LinuxQuestions.org - awk with CSV files

- Programming (https://www.linuxquestions.org/questions/programming-9/)

- - awk with CSV files (https://www.linuxquestions.org/questions/programming-9/awk-with-csv-files-881103/)

awk with CSV files

In AWK, is there any good way to make reference to fields for CSV files?

The difficulties are:
1) Some double-quoted values may contain commas.
2) Some field may be empty. i.e. concatenated commas.

e.g.

Code:

1,"Good Work, Ltd.",,1.3,

2,"Bad Day Company",1,0

so simply

Code:

FS = ","

won't work.

How do you work around to process CSVs with such trouble?

Thanks.

Hi, I use awk to get my bandwidth usage from my Broadband isp.

I need to extract field 4, and then remove non-numerical chars.

I hope this link helps you figure it out for your situation. $n depicts column number

http://www.ibm.com/developerworks/ai.../section5.html

My script looks like this... I'm no expert, but I hope this helps.

Code:

#!/bin/bash

echo "vmc-sum"

#echo "shell set to noclobber, remove old file if it exists" 

if [ -f /home/glenn/tmp/calls02.csv ]

then

  rm -f /home/glenn/tmp/calls02.csv

fi

awk -F "," ' { print $4 } ' /home/glenn/Downloads/calls_2011*.csv > /home/glenn/tmp/calls02.csv

#echo "shell set to noclobber, remove old file if it exists" 

if [ -f /home/glenn/tmp/calls03.csv ]

then

  rm -f /home/glenn/tmp/calls03.csv

fi

# remove mobile phone numbers from list, pretexted with + sign. Needs to be done before removal of other non-integer chars

# Mobile numbers (sms) in older vodafone .csv files are also in collumn four($4).

sed -e '/\+/d' -e s/'[^0-9]'/""/g /home/glenn/tmp/calls02.csv > /home/glenn/tmp/calls03.csv

echo

awk 'END { print "You have logged on " NR " times this month." }' /home/glenn/tmp/calls03.csv

#echo "the file, /home/glenn/tmp/calls03.csv, ready to import to OO-Calc"  #useful result, saves hours of manual editing.GW

#echo "shell set to noclobber, remove old file if it exists"

if [ -f /home/glenn/tmp/calls04.csv ]

then

  rm -f /home/glenn/tmp/calls04.csv

fi

echo

awk 'BEGIN {ORS=" "} //' /home/glenn/tmp/calls03.csv > /home/glenn/tmp/calls04.csv

echo "sum-calls"

echo

# echo "call sum-calls script, inspired by wlayton27 Atomicmpc.com.au forums."

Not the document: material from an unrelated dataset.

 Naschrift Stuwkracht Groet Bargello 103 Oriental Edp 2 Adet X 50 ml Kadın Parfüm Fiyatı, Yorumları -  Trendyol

    sh /home/glenn/bin/sum-calls

#mv /home/glenn/Downloads/calls_201*.csv /home/glenn/Documents/personalBusiness/Vodafone-bills/

#exit=0 # you might want to see the screen.

echo

date && whoami

here is a tutorial to work through...Using grep, sed, and awk
http://www.ibm.com/developerworks/ai.../section5.html
Regards Glenn

There is a good description of the CSV format (actually formats -- thee is no standard) here.

As well as the difficulties described in the OP, CSV files may include newlines in fields -- tricky for line-orientated awk -- and may not populate empty fields at the end of the record. Here's the input part of an awk script that can cope with both of those situations; it was written to parse an Outlook Contacts CSV:

Code:

#!/usr/bin/awk -f



# Converts Outlook Contacts CSV file from stdin to gnokii phonebook raw format on stdout



# A description of CSV conventions: http://www.creativyst.com/Doc/Articles/CSV/CSV01.htm

# Outlook does not populate empty fields after the last populated field.

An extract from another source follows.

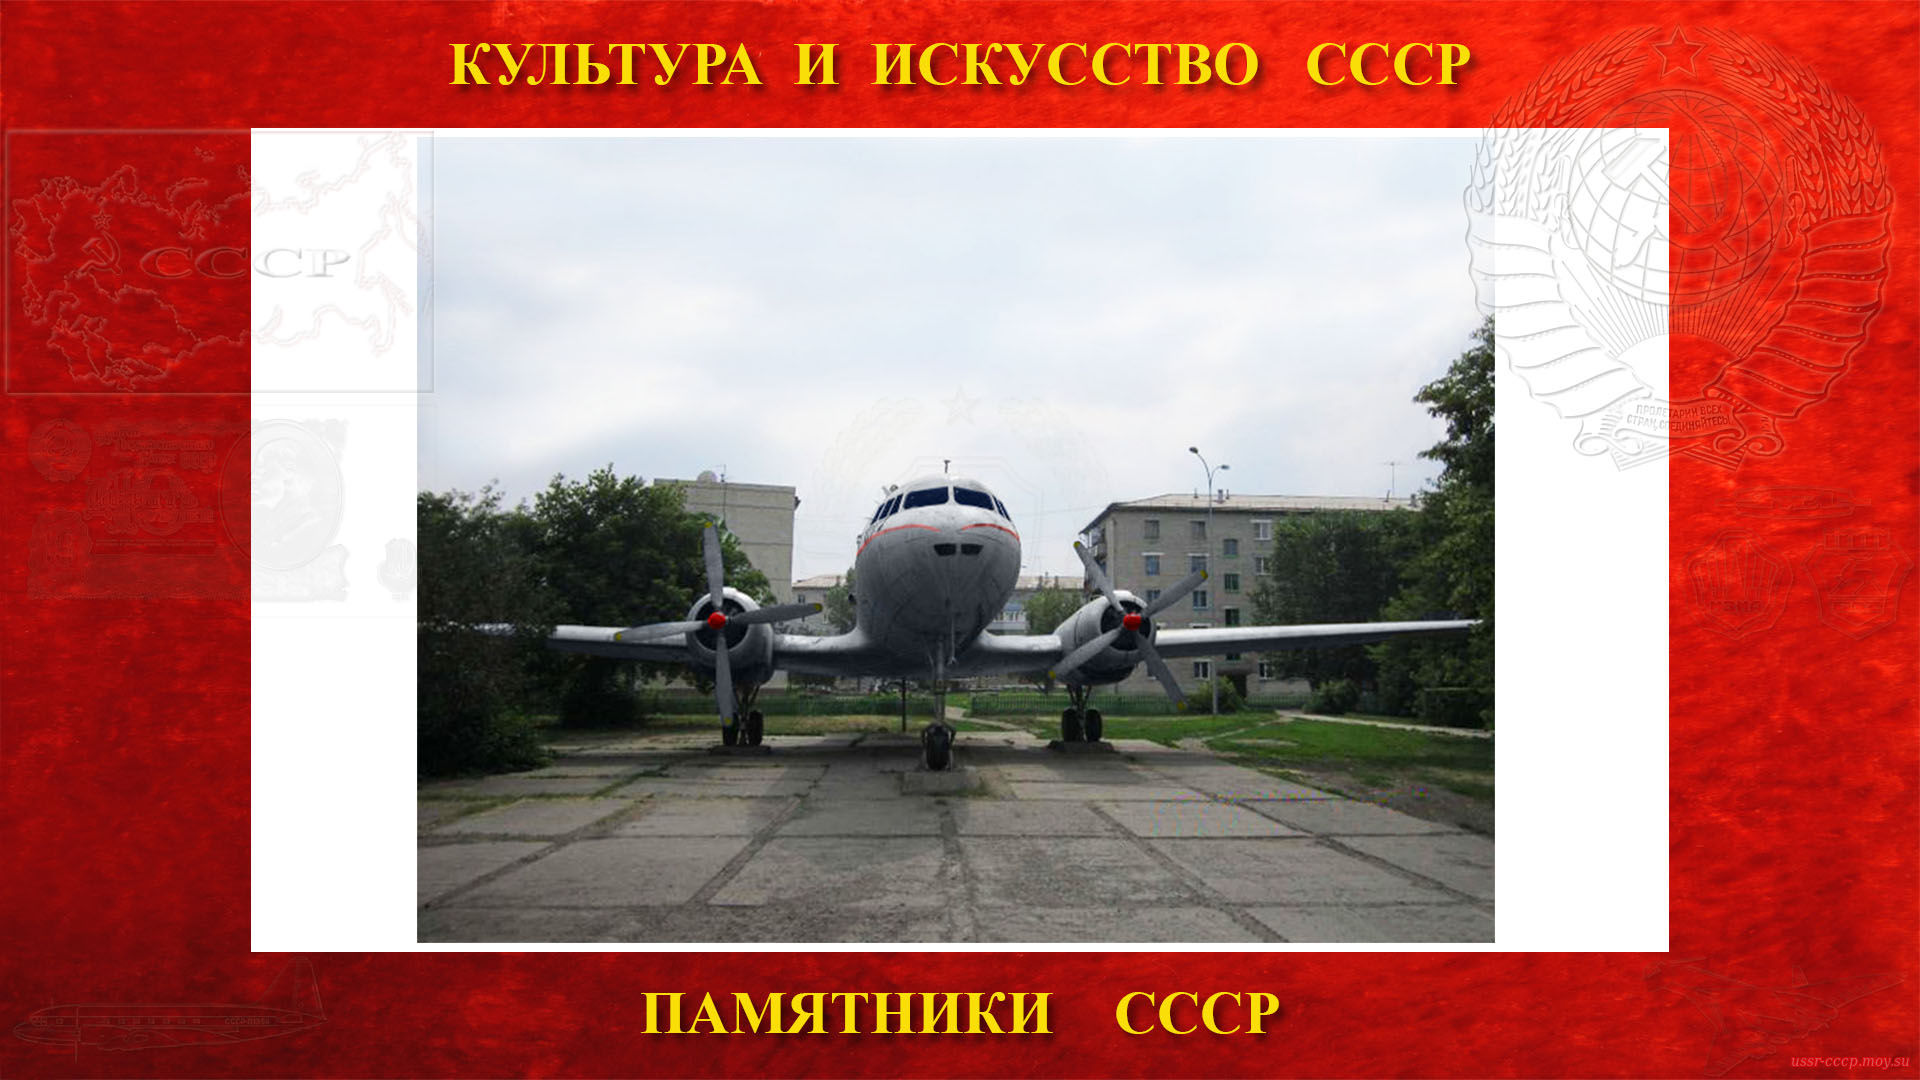 Памятник — Самолёт Ил-14 (Куйбышев) (повествование)

# From the gnokii man page:

# The raw phonebook format is very simple.  Each line represents one entry. 

# Fields are separated by semicolons.  Semicolons aren't allowed inside a field.

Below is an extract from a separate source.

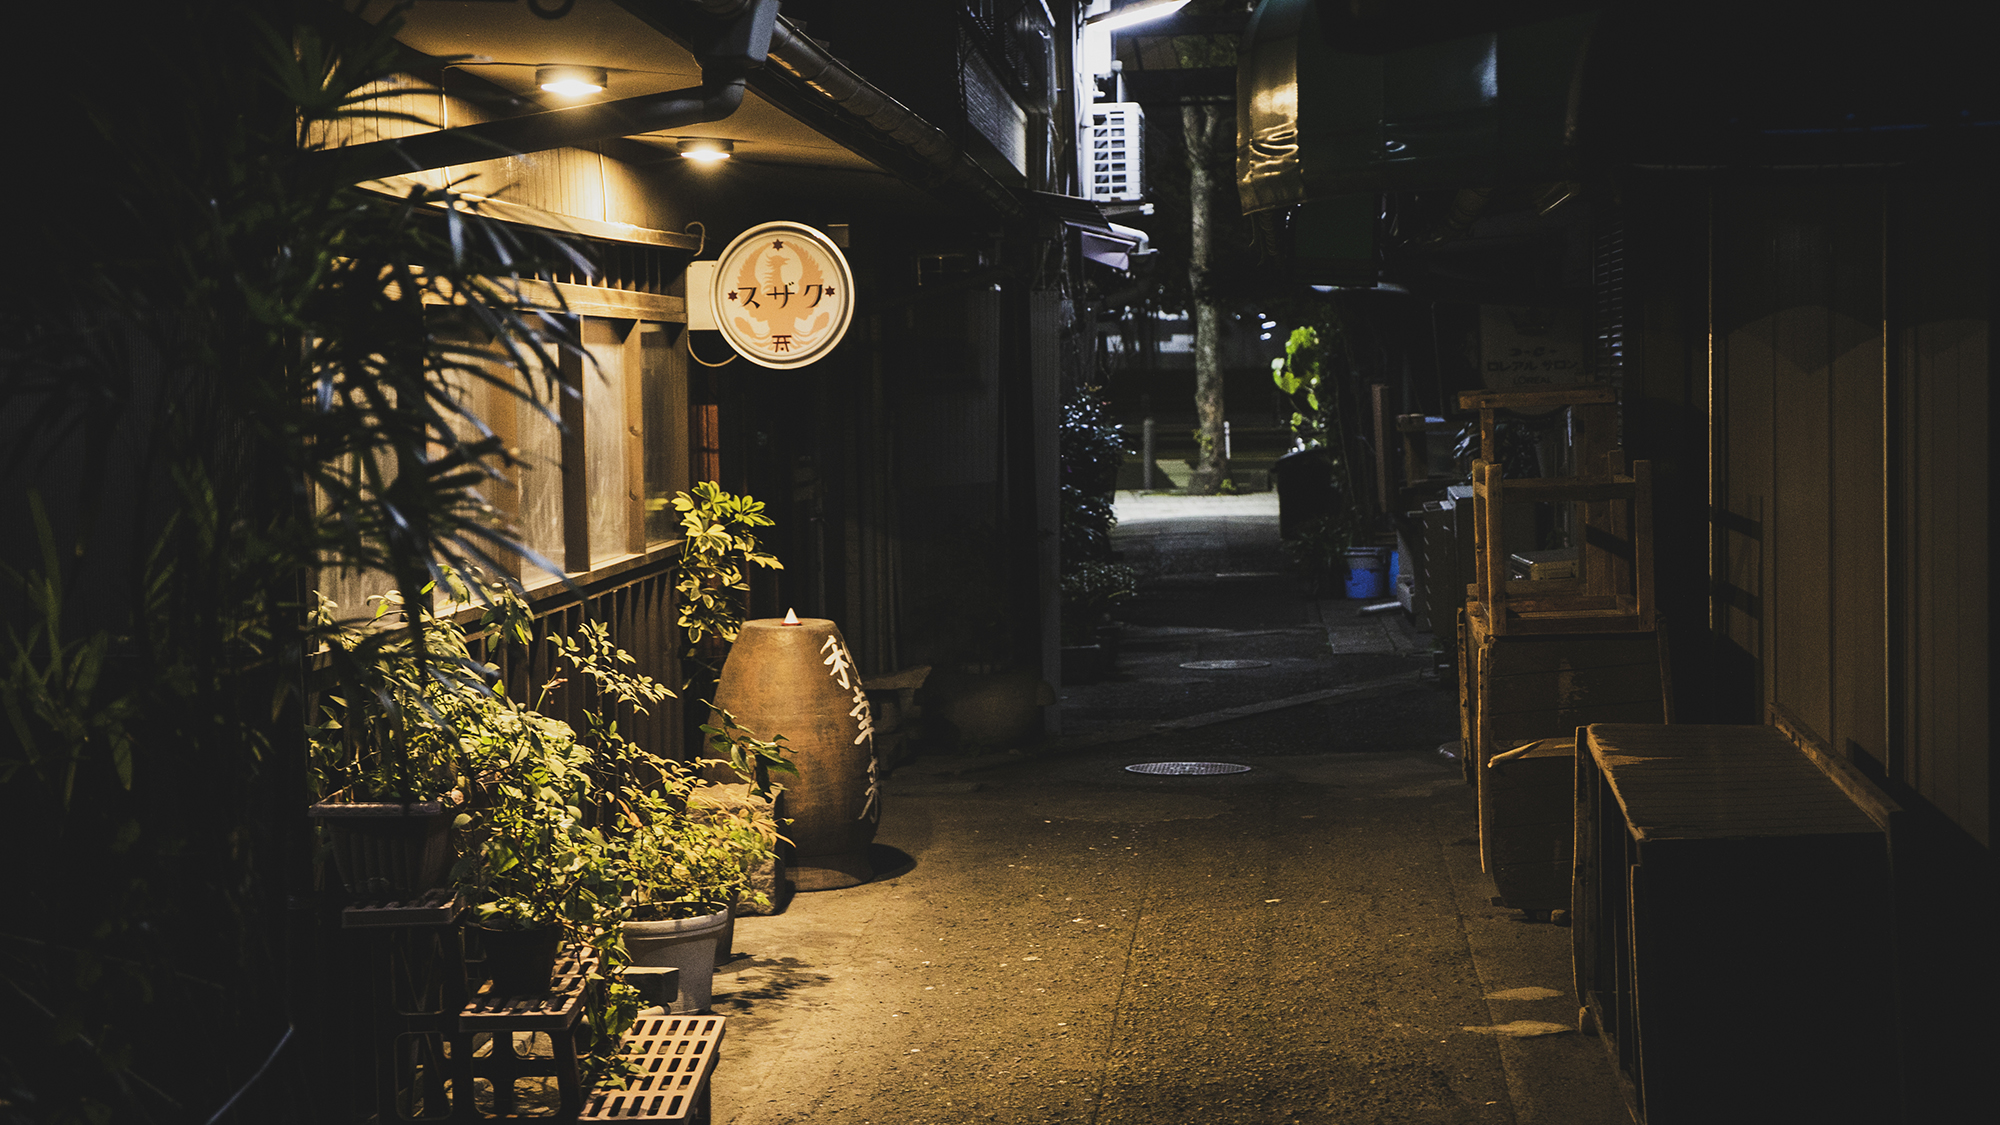 【古物とカフェを堪能できる店「スザク」】名山町にある新スポット。昭和の面影漂うオトナの純喫茶。

# This script converts semicolons to colons and replaces new lines with \n



BEGIN {

    # Get number of fields from the header

    # (assumed not to contain commas or newlines in the field names)

    FS = ","

    my_getline()

    header_NF = NF

    print "header_NF is " header_NF

}



function catenate_with_space ( base, addition )

{

    if ( length( base ) == 0 ) return addition

    return base addition

}



function get_field ()

{

    print "Started get_field()"

    if ( length( $0 ) == 0 ) { 

        print "Setting EoR empty field"

        fields[ n_field ] = ""

        return

    }

    char = substr( $0, 1, 1 )

    print "Character is " char

    if ( char == "," ) {

        fields[ n_field ] = ""

        $0 = substr( $0, 2 )

        return

    }

    if ( char != "\"" ) {

        print "Line " NR ": char is '" char "' not \" as expected" > "/dev/stderr"

        exit 1

    }

    for ( i = 2; ; i++ )

    {

        if ( length( $0 ) == i - 1 ) { 

            my_getline() 

            i = 1

            fields[ n_field ] = fields[ n_field ] "\\n"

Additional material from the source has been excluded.